Well, think about it this way: you, right now as you are reading this, are MASSIVELY time dilated according to an accelerated particle at CERN, you are mildly time dilated according to Haley's Comet, and you are not time dilated at all according to your desk. Are you feeling all of these at the same time? Are you feeling ANY of these?

4. Feb 15, 2015

### davidbenari

phinds: I guess something that bothers me is this: I'm massively time dilated according to an accelerated particle. He says the clock in my computer measures (10:30 AM) (I don't think details are important, right now), but right now I see 9:32 PM. So if Lorentz transformations do indeed transform coordinates in one frame to another one, then theyre doing a horrible job! Theyre saying something false!

5. Feb 15, 2015

### davidbenari

Vanadium: So are you implying Lorentz transformations should be able to go both ways? Working O -> O', will yield the same data as O' -> O, or something like that? I think (I'm probably wrong) thats in contradiction to what phinds says.

Last edited: Feb 15, 2015
6. Feb 15, 2015

### davidbenari

phinds: I think I get your idea. Are you saying that these transformations say what someone in O thinks someone in O' measures? And that the whole point of relativity is that all these point of views are equally valid?

7. Feb 15, 2015

### davidbenari

So is relativity saying that what I'm doing right now as I type this message isn't any more valid than what the particle at CERN thinks I'm doing?

8. Feb 15, 2015

### phinds

This is a meaningless statement given that you have not said what time it was when you and the particle synchronized your clocks while you were in the room together. Had you done so, the Lorentz transforms would be giving you the right answers.

9. Feb 15, 2015

### phinds

Yes, it says that no Frame of Reference is any more valid than any other. You, after all, think that the particle is massively time dilated but it doesn't feel a thing and wonders what the hell you are talking about

10. Feb 15, 2015

Staff Emeritus
If changing your velocity by v takes you from O to O-prime, changing it by -v will take you from O-prime to O. If you're not getting that to happen, you are making an algebra or arithmetic error somewhere, and it probably doesn't make sense to go on until you have that straightened out.

11. Feb 15, 2015

### davidbenari

I don't get how Lorentz transforms giving "the right answers" is compatible with all "frames are equally valid (and can say different things)". Namely, the way I see it right now is that if O works his way to know what's happening in O', and O' works his way to know what's going on in O (using the data I got when I did O->O') then I don't have to get stuff which is "consistent" with a "common-sense" view. And so Lorentz transforms don't give "the right answers" If by "right answers" you meant "consistency".

Thanks.

12. Feb 15, 2015

### phinds

13. Feb 15, 2015

### davidbenari

Ok, I'm working through what I've done before. But I have a question. If I have three observers then what you guys say can't be true (I think, most probably wrong). You guys say that O->O' will be consistent with O'->O

But if I have three observers and apply transformations to each combinations then wouldn't I arrive at some contradiction?

14. Feb 15, 2015

### phinds

No, you would have to do transforms between each set of observer's FoR's and all would be well. In other words, call your observers A, B, and C. Now A and B see each other symmetrically, as do A and C and C and B, but when you are looking at any of those symmetries the 3rd observer is not involved.

15. Feb 15, 2015

### davidbenari

I think I've found one way in which O->O' isn't the same as O'->O.

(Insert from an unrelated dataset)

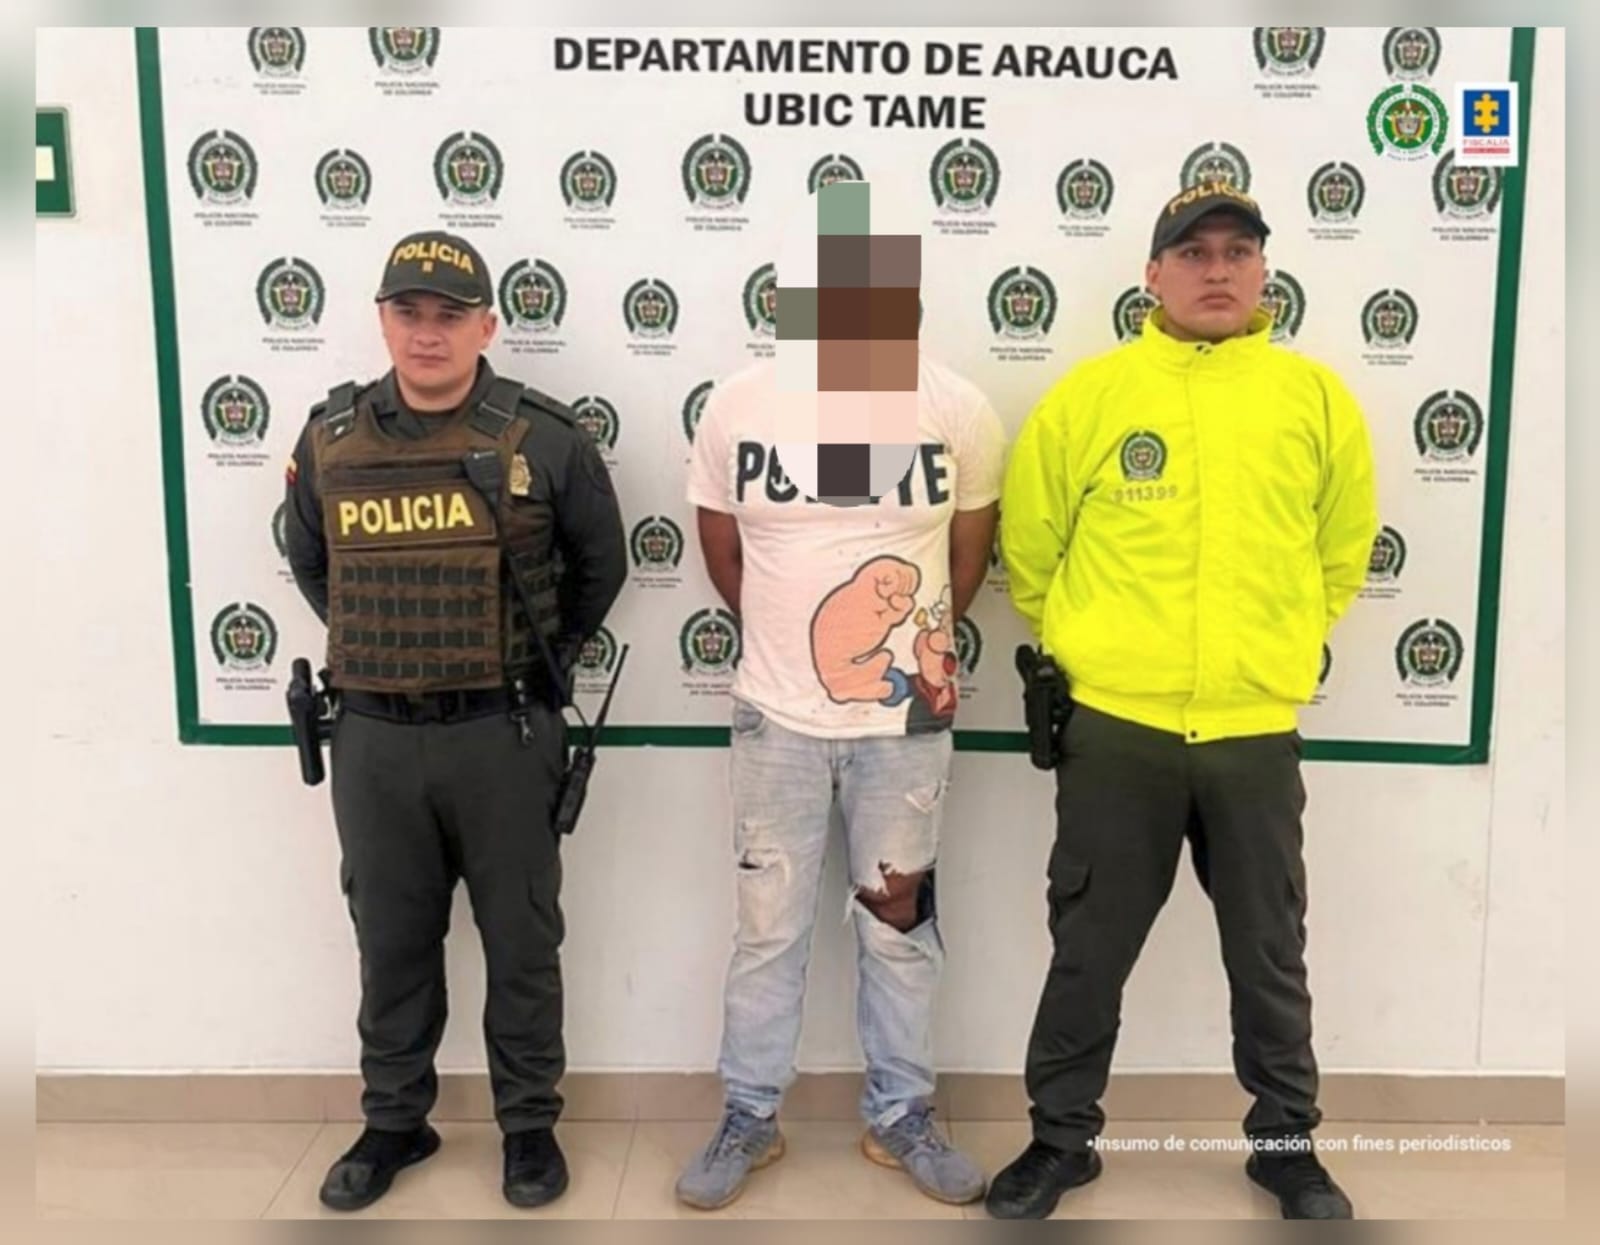 Judicializados dos hombres, presuntamente responsables de hurtos violentos en Arauca

Say O' moves in the x direction at speed v with respect to O. O' measures the ends of a rod at rest in O simultaneously and gets the following equation $\Delta x = \gamma \Delta x'$ which is rewritten as $\Delta x' = \frac{\Delta x}{\gamma}$. If he travels at .99c and x2=5 and x1=3 then $\Delta x'= 0.3 meters$

Suppose we want to go now in the O->O' direction and want to see what O' measures as the ends of the rod. We get the equation $\Delta x'= \gamma \Delta x$ which is in contradiction with the above paragraph. You might say I'm wrong in that I've assumed the measurement done by x' as observed by x was simultaneous. I agree that its wrong, but if it is wrong then t1'≠t2', and there you would have that Lorentz transforms don't work both ways.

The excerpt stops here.